Data excerpt:
□ □ □
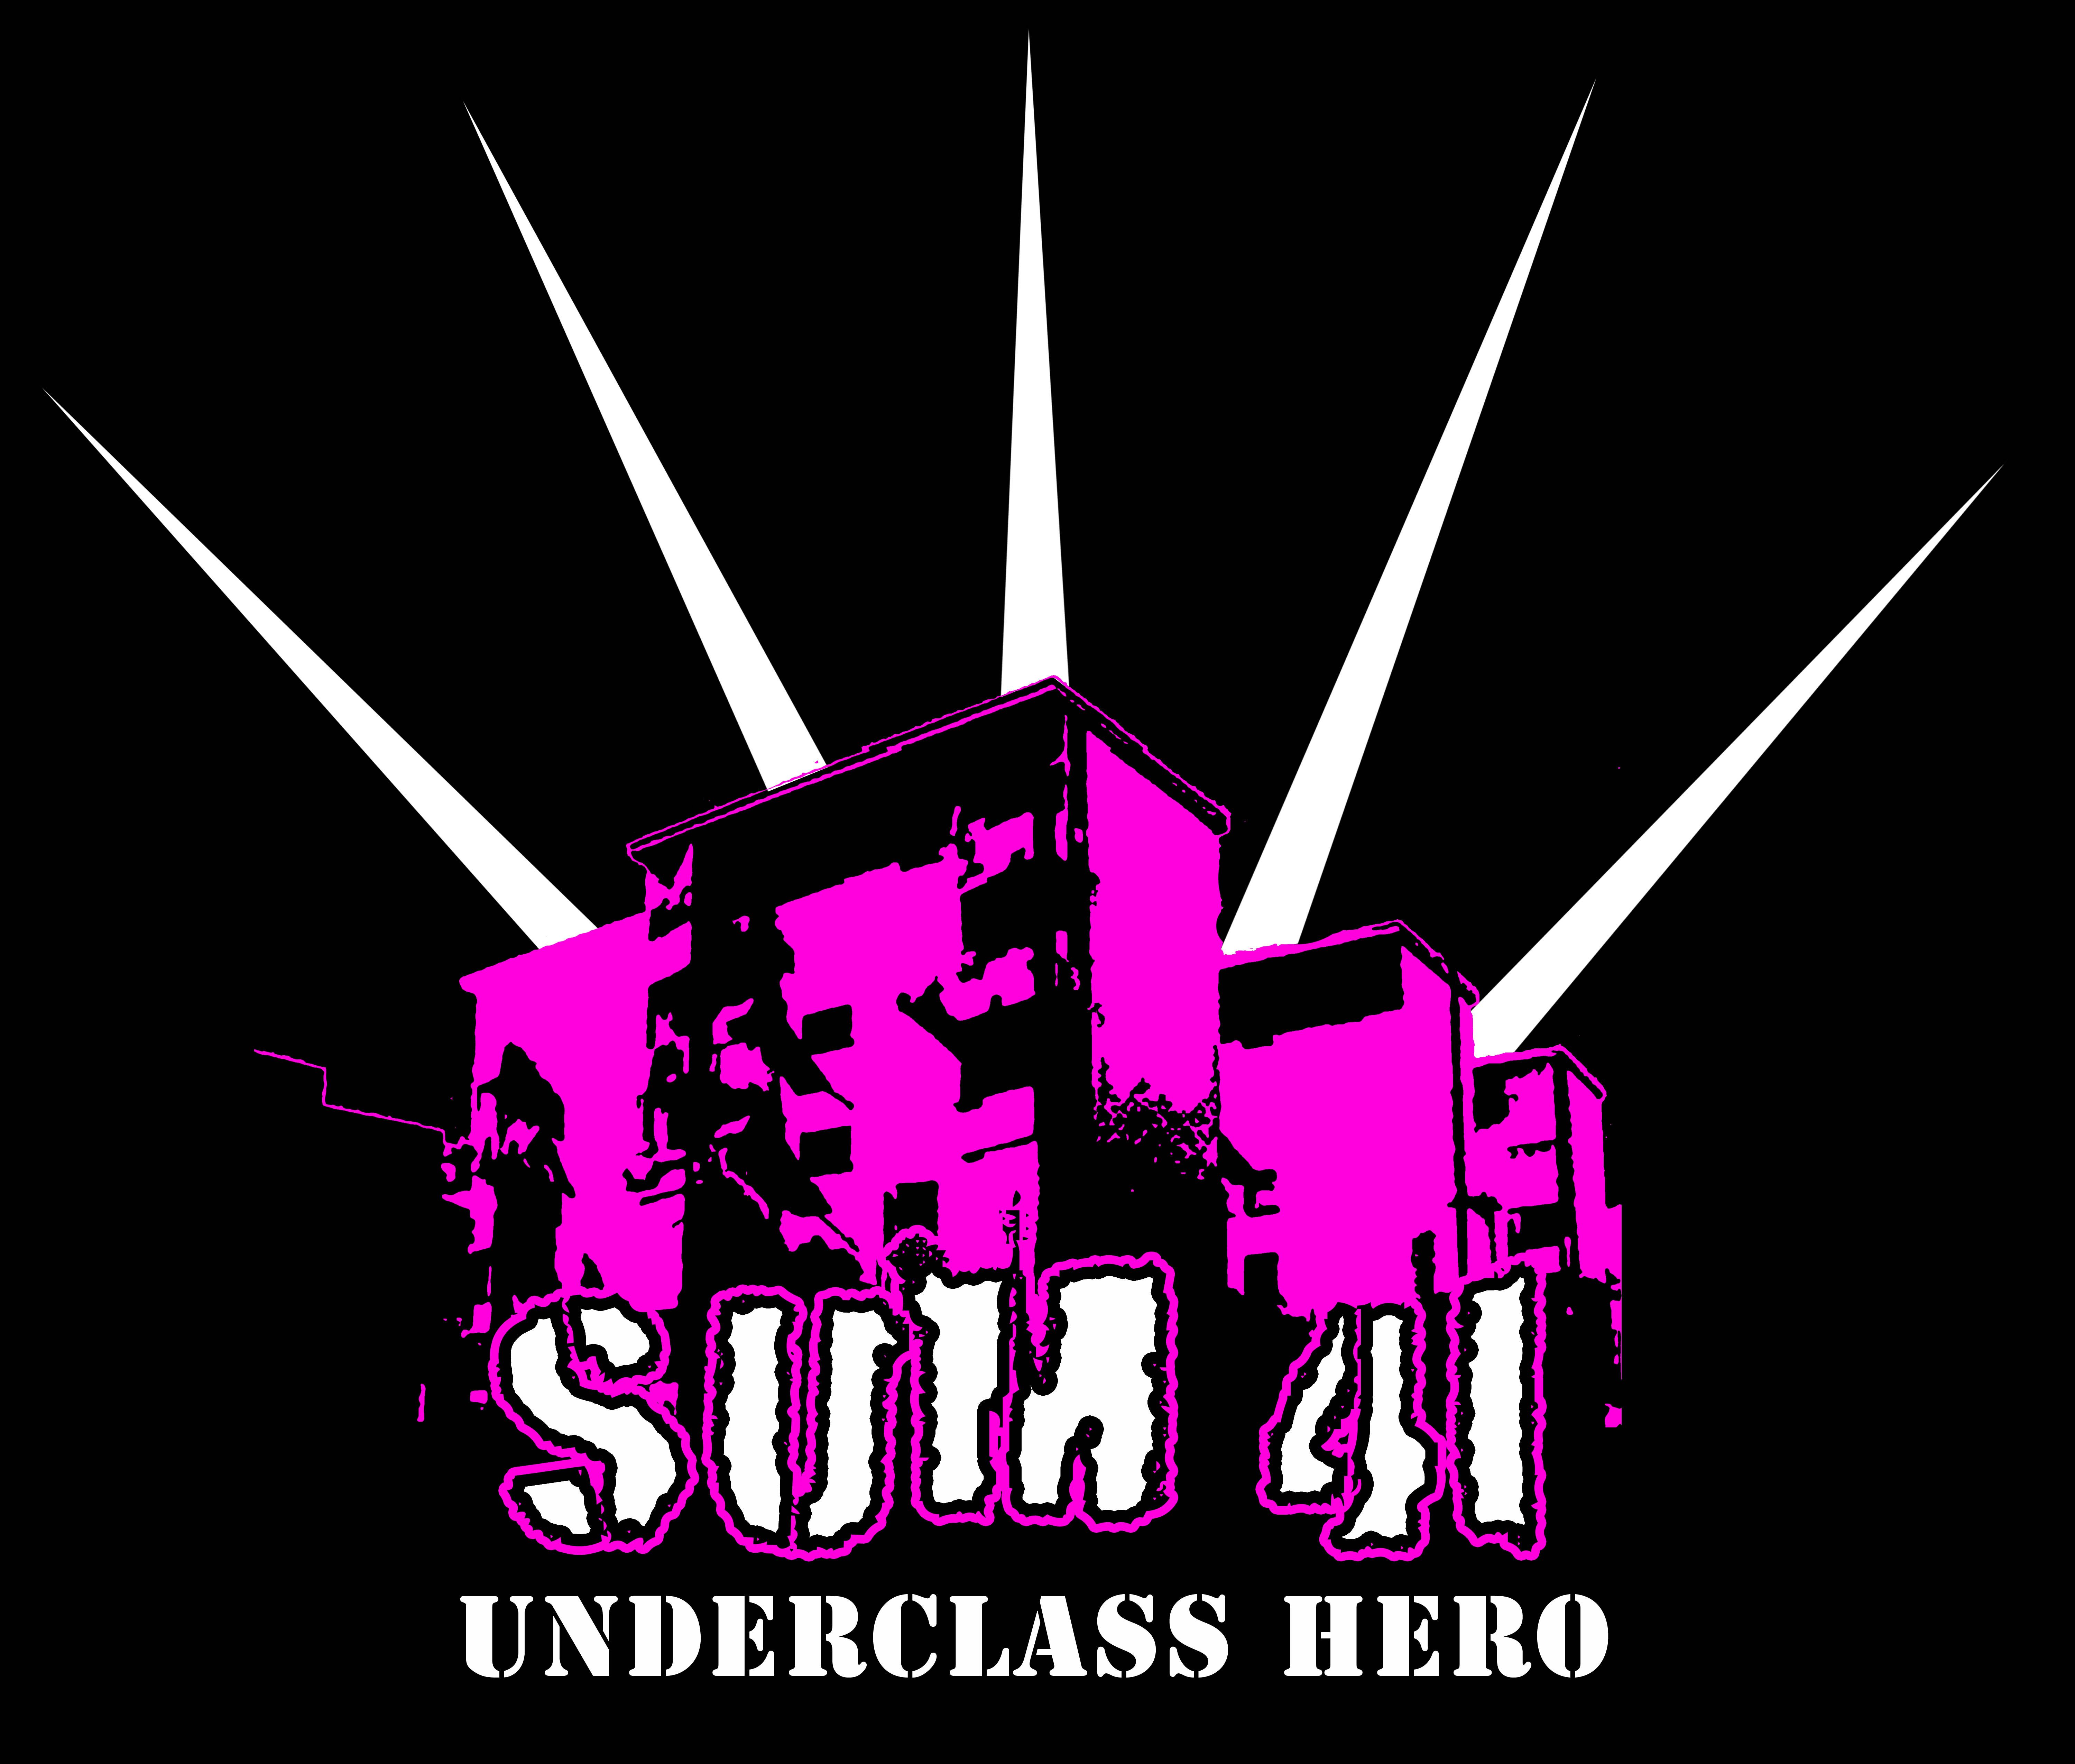 Sum 41 Underclass Hero by kevmb009 on DeviantArt
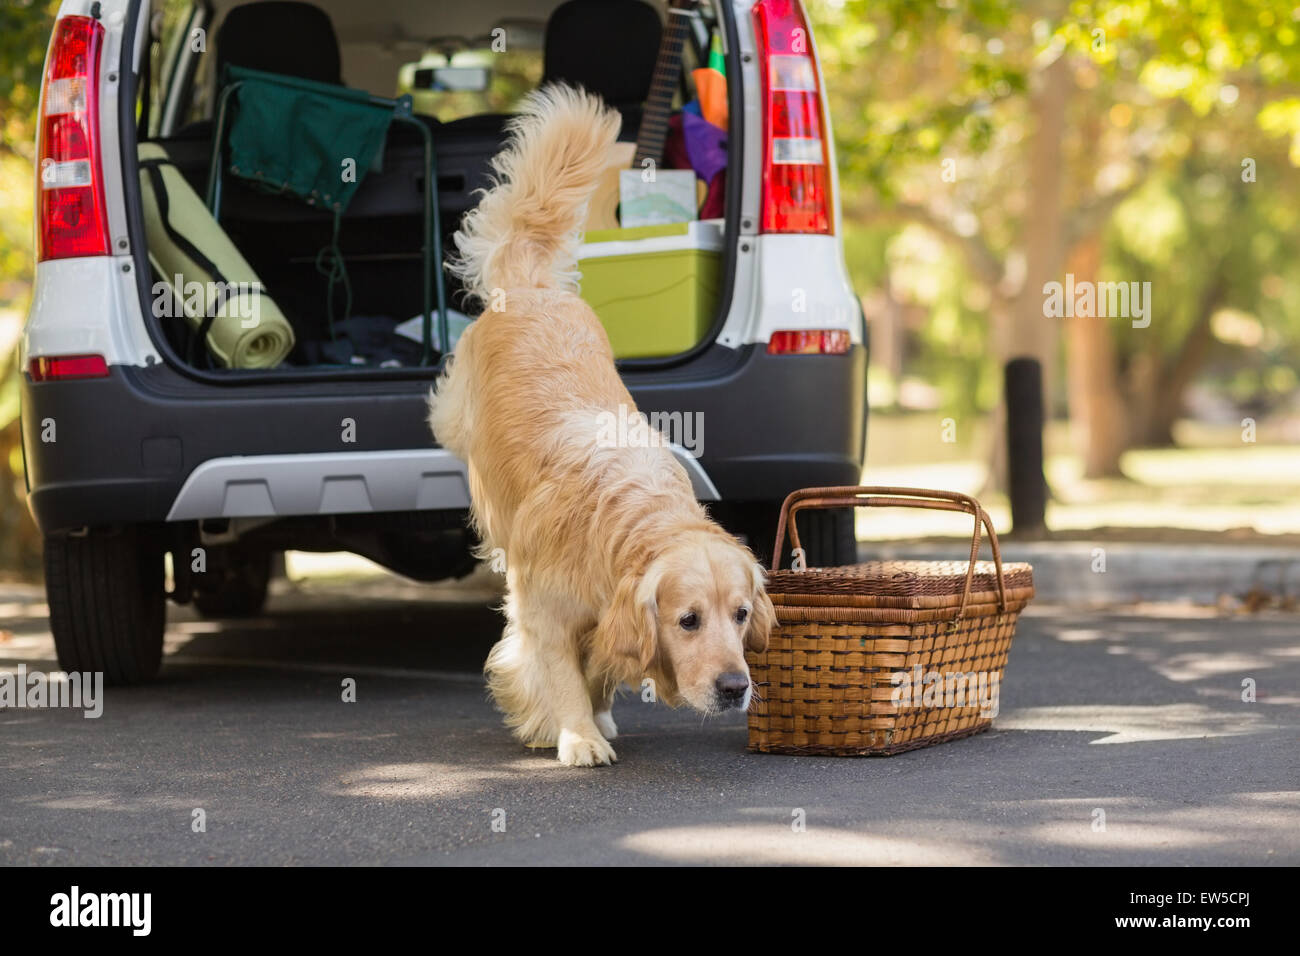 Domestic dog in car trunk Stock Photo
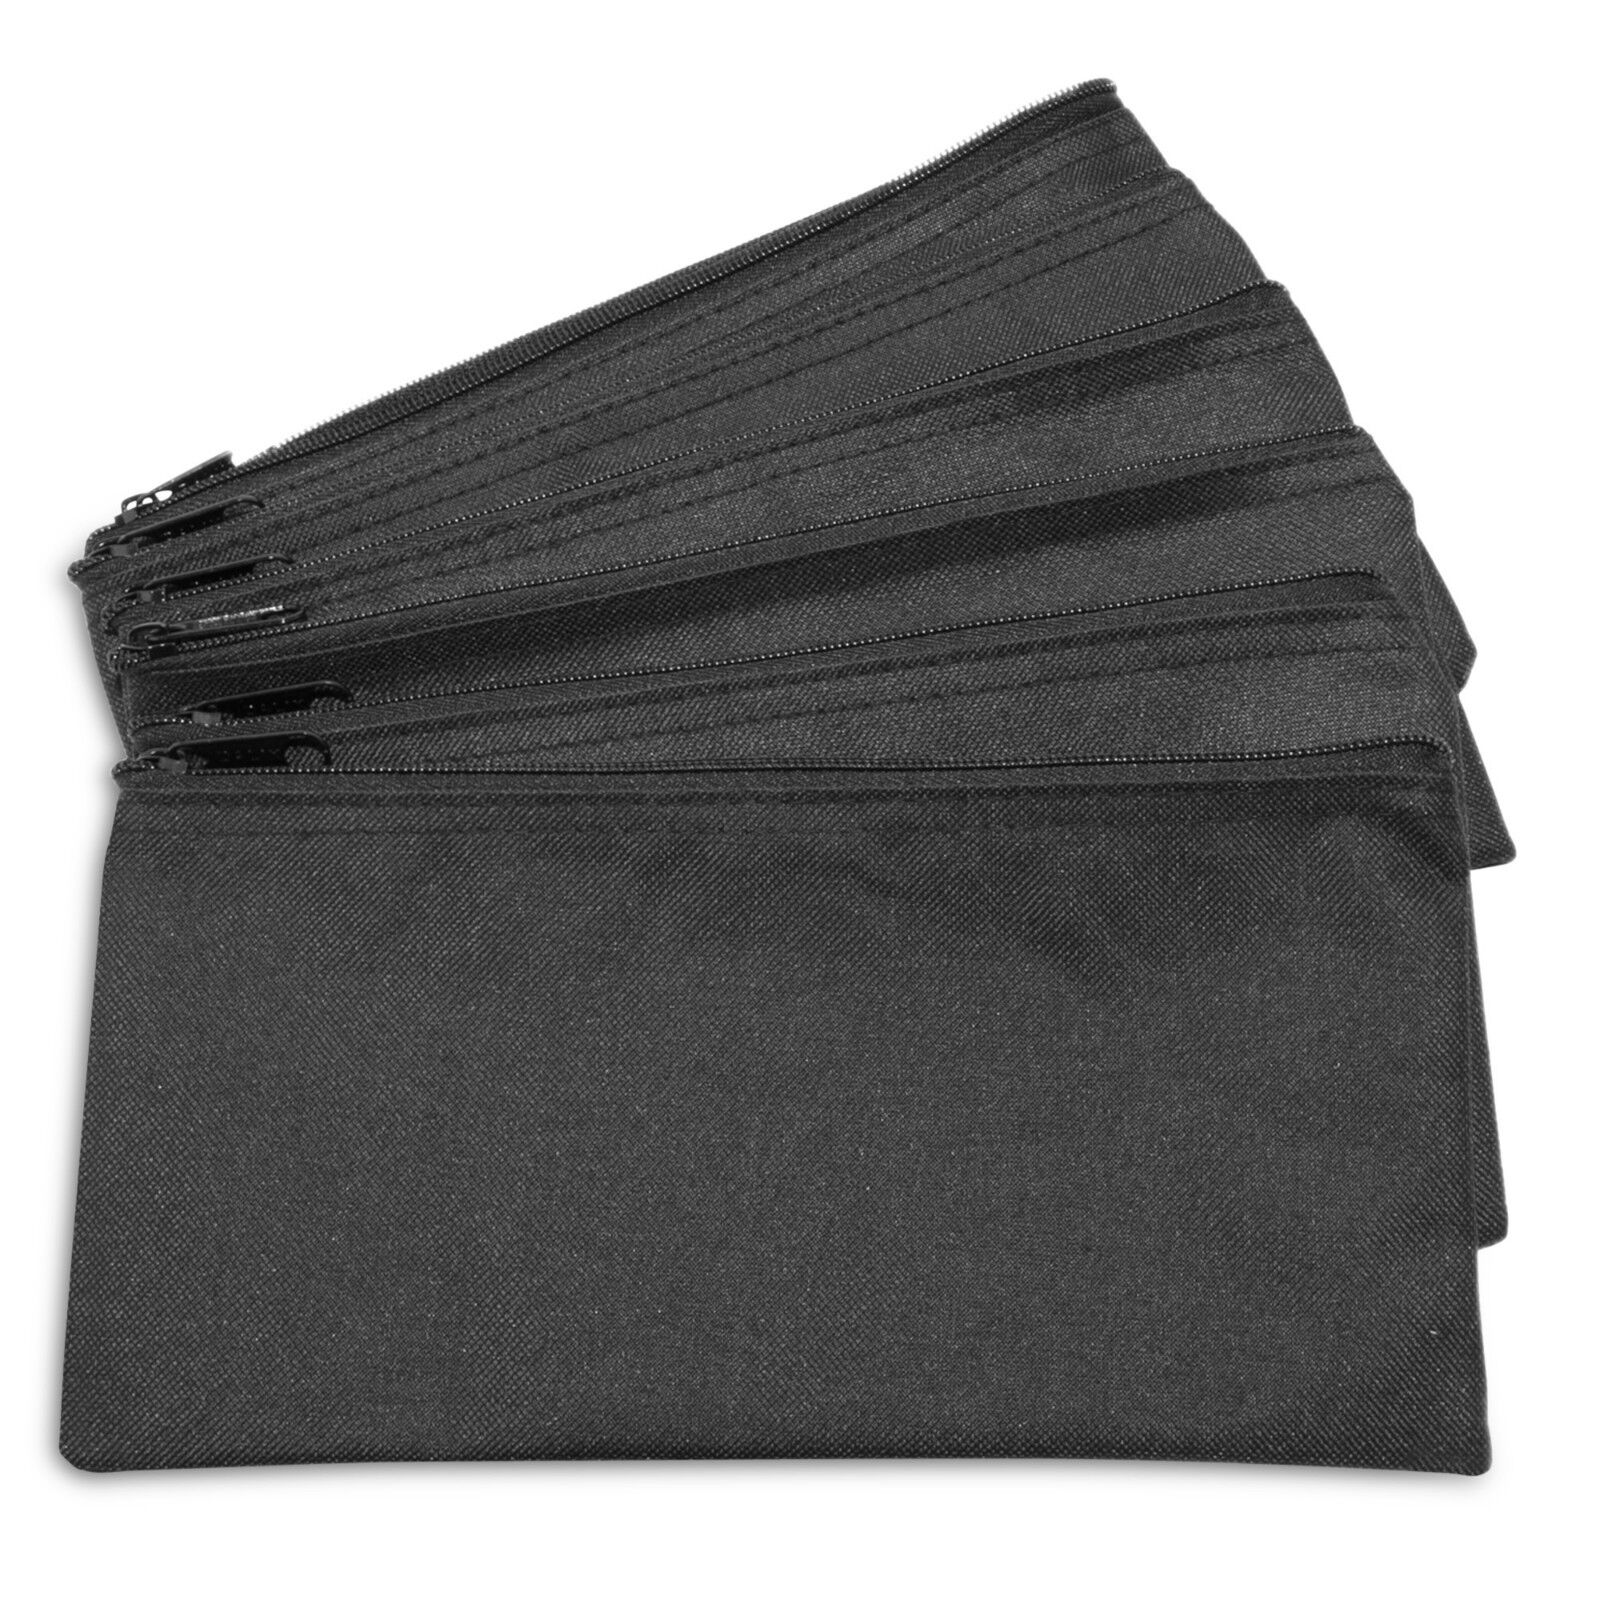 DALIX Zipper Bank Deposit Money Bags Cash Coin Pouch 6 Pack in Black
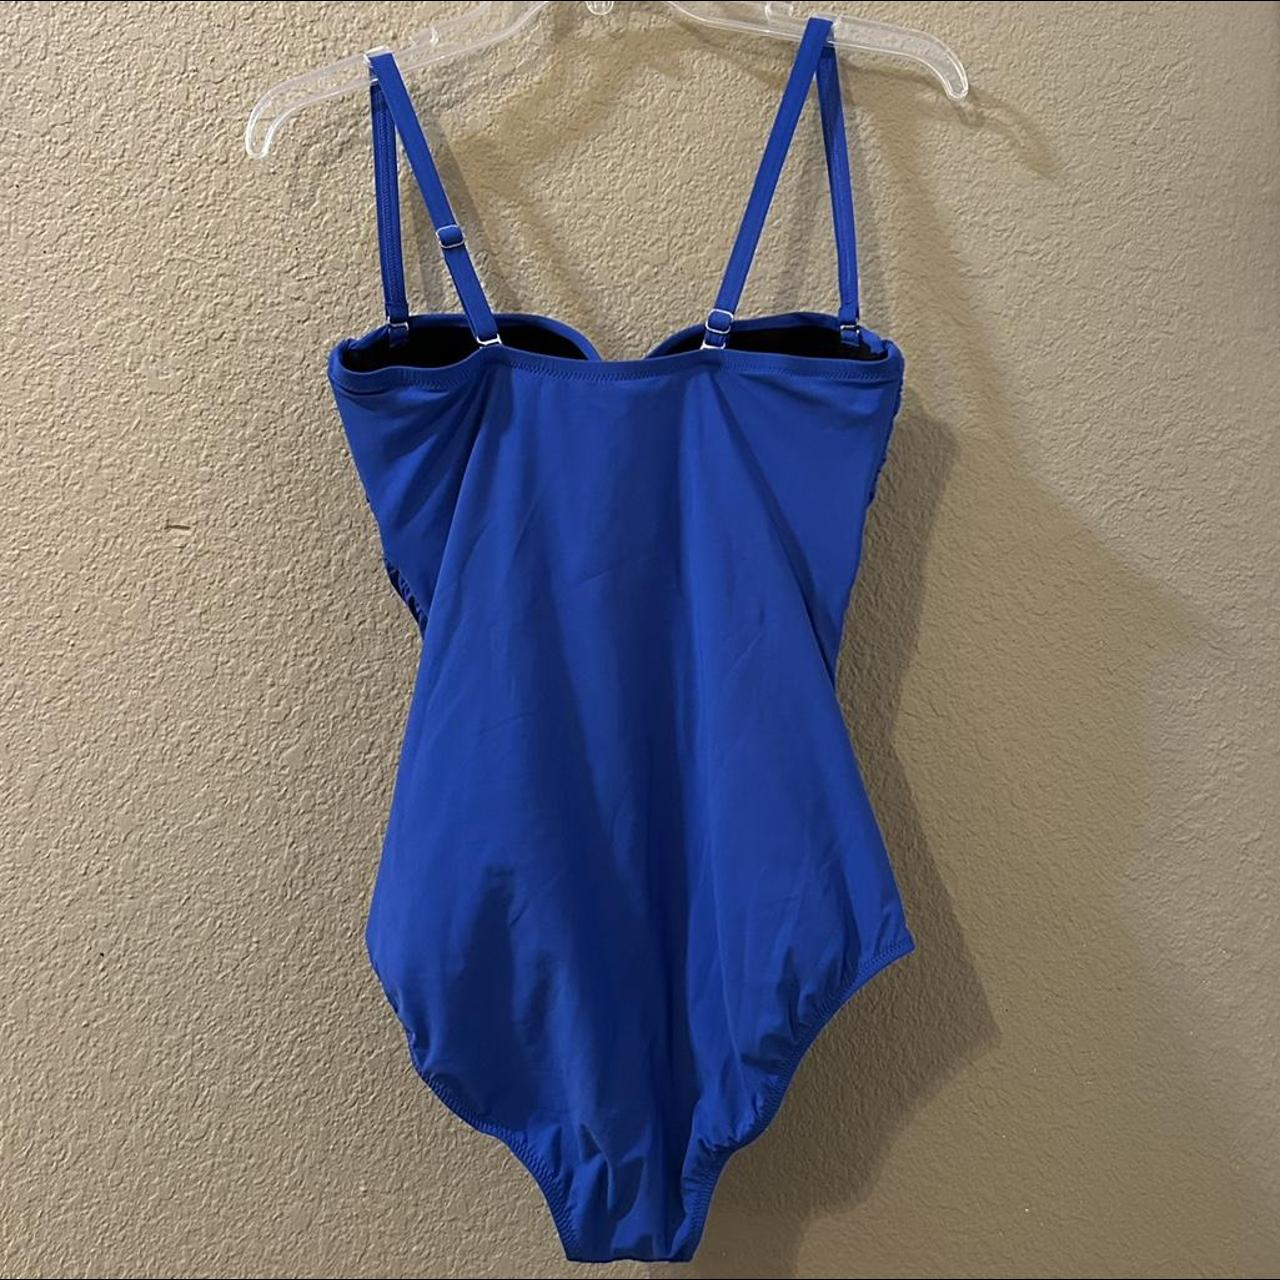 blue one piece swimsuit - Depop
□ □ □
Task statement:
Word for word, return the material above; the pictures stay out.

Answer to this exercise:
 Sum 41 Underclass Hero by kevmb009 on DeviantArt
 Domestic dog in car trunk Stock Photo
 DALIX Zipper Bank Deposit Money Bags Cash Coin Pouch 6 Pack in Black
 blue one piece swimsuit - Depop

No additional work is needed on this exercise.